Современные диагностические возможности трехмерных дентальных томографов позволяют определять объем воздухопроводящего пространства верхних дыхательных путей в мм3. Влияние ортодонтического лечения на структуры назомаксиллярного комплекса является предметом наших дальнейших исследований.

ЛИТЕРАТУРА

  1. Сатыго Е. А. Влияние дисфункций мягких тканей на формирование зубочелюстной системы у детей. Возможности ранней коррекции с применением стандартной миофункциональной аппаратуры / Е. А. Сатыго. — М.: Валлекс М, 2004. — 32 с.
  2. Царькова О. А. Изменение профиля лица у детей с нарушенным носовым дыханием в процессе ортодонтического лечения : автореф. дис. … канд. мед. наук / О. А. Царькова. — Пермь, 2006. — 32 с.
  3. Kumar T. V. Ultrasonographic evaluation of effectiveness of circumoral muscle exercises in adenotonsillectomized children / T. V. Kumar, S. Kuriakose // J. Clin. Pediatr. Dent. — 2004. — Vol. 29, № 1. — P. 49—55.
  4. Lessa F. C. Breathing mode influence in craniofacial development / F. C. Lessa, C. Enoki, M. F. Feres [et al.] // Braz. J. Otorhinolaryngol. — 2005. — Vol. 71, № 2. — P. 156—160.
  5. Mahony D. Effects of adenoidectomy and changed mode of breathing on incisor and molar dcntoalveolar heights and anterior face heights / D. Mahony, A. Karsten, S. Linder-Aronson // Aust. Orthod. J. — 2004. — Vol. 20, № 2. — P. 93—98.
  6. Moss-Salentijn, L. Melvin L. Moss and the functional matrix / Moss-Salentijn, L. // J. Dent. Res. — 1997. — Vol. 76, № 12. — P. 1814—1817.

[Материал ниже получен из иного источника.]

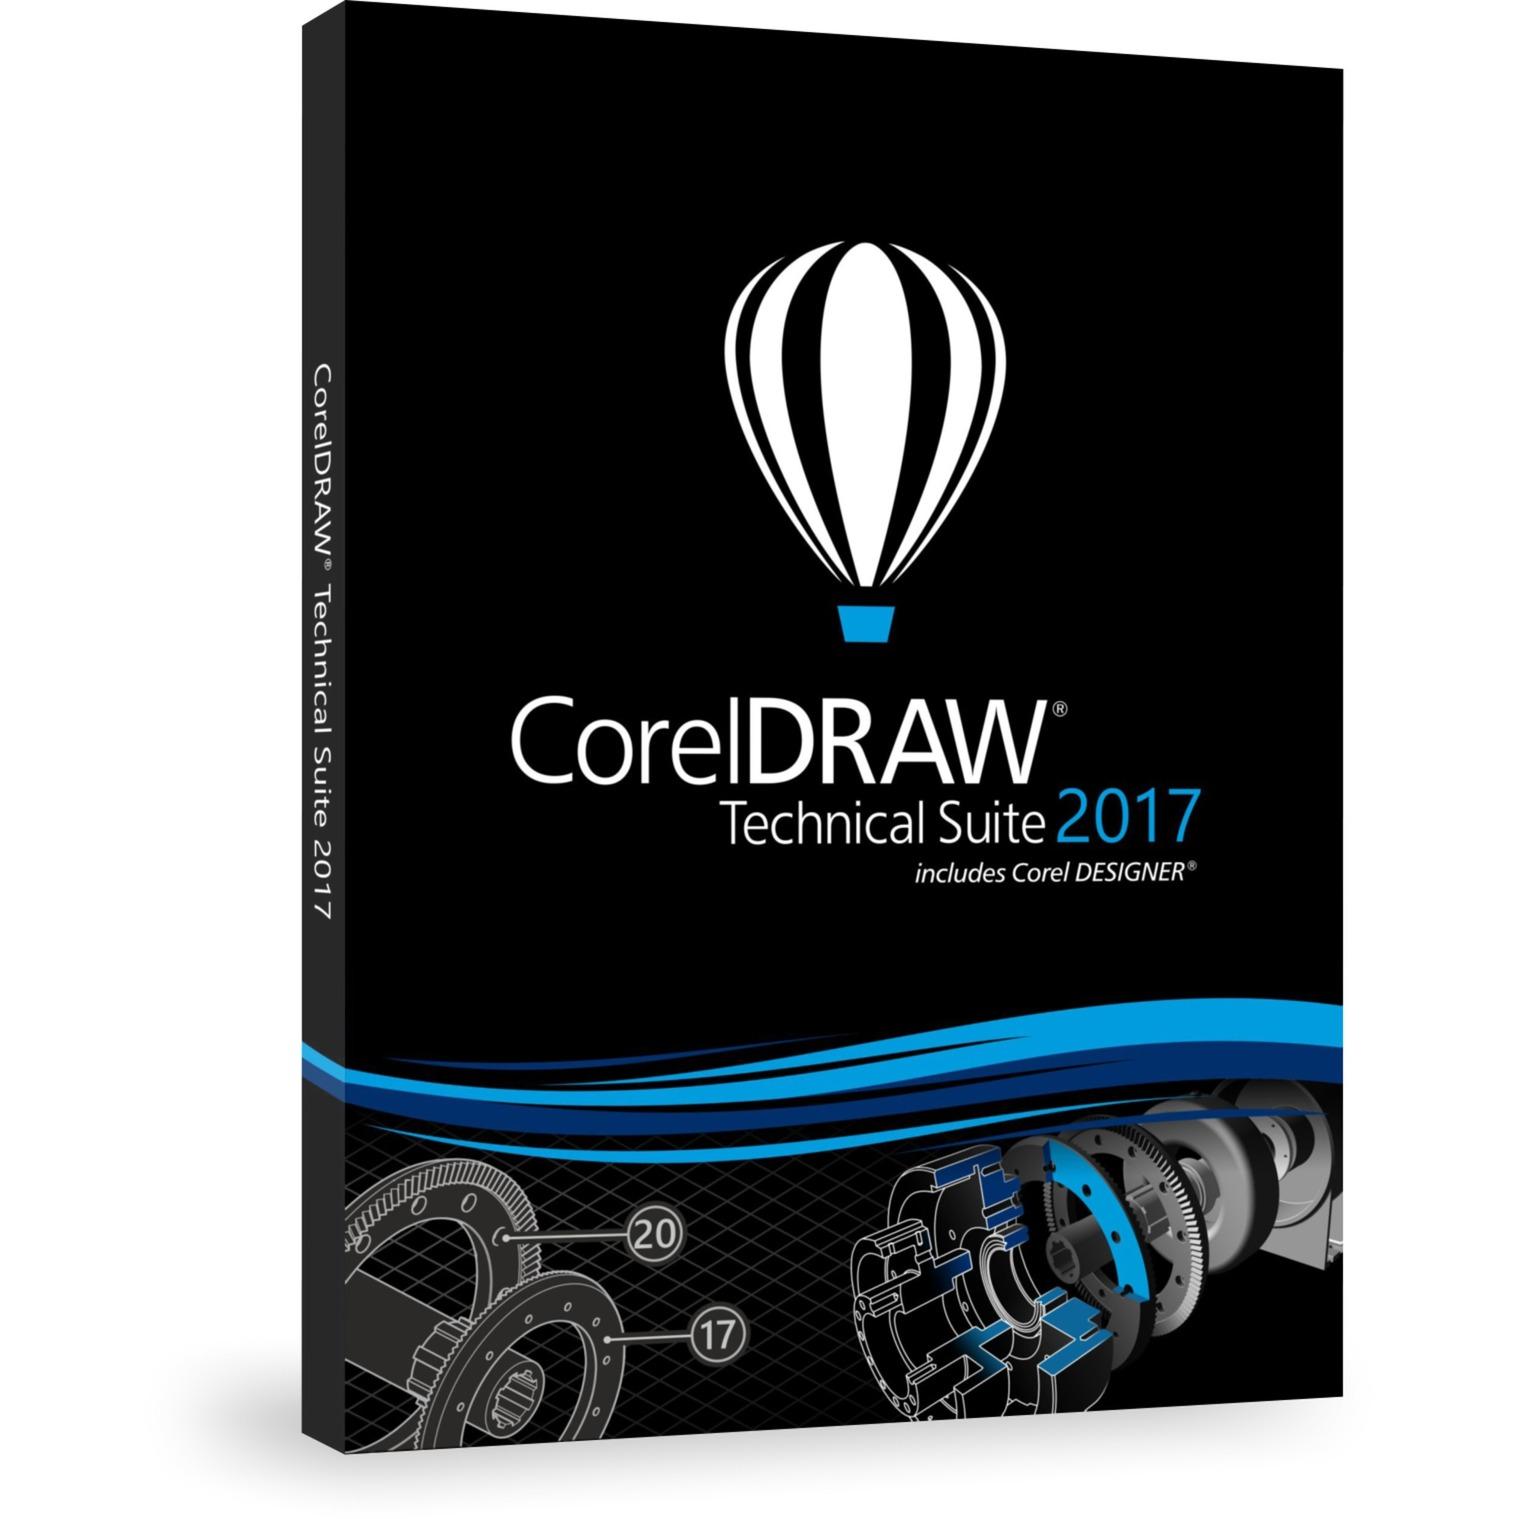 CorelDRAW Technical Suite 2017, Software

  7. Neugebauer, J. Comparison of 2- and 3-dimensional imaging for the diagnosis of the alveolar nerve position for the osteotomy of third molar / J. Neugebauer, R. Shirani, R. Mischkowski [et al.] // Proceedings of Computer Assisted Radiology and Surgery CARS’06 (Osaka, June 28 — July 1, 2006) // Int. J. CARS. — 2006. — Vol. 1, Suppl. 1. — P. 535.
  8. Svanborg E. [Important to investigate nocturnal respiratory obstruction in children. Obstructive respiratory disorders can result in deformed facial skeleton and bite] / E. Svanborg // Lakartidningen. — 2006. — Vol. 103, № 30—31. — P. 2215—2216. [шведск.]
  9. Tecco S. Changes in head posture after rapid maxillary expansion in mouth-breathing girls: a controlled study / S. Tecco, F. Festa, S. Tete [et al.] // Angle Orthod. — 2005. — Vol. 75, № 2. — P. 171—176.
  10. Vesse, M. [Respiration in orthodontic practice] / M. Vesse // Orthod. Fr. — 2005. — Vol. 76, № 1. — P. 67—83. [французск.]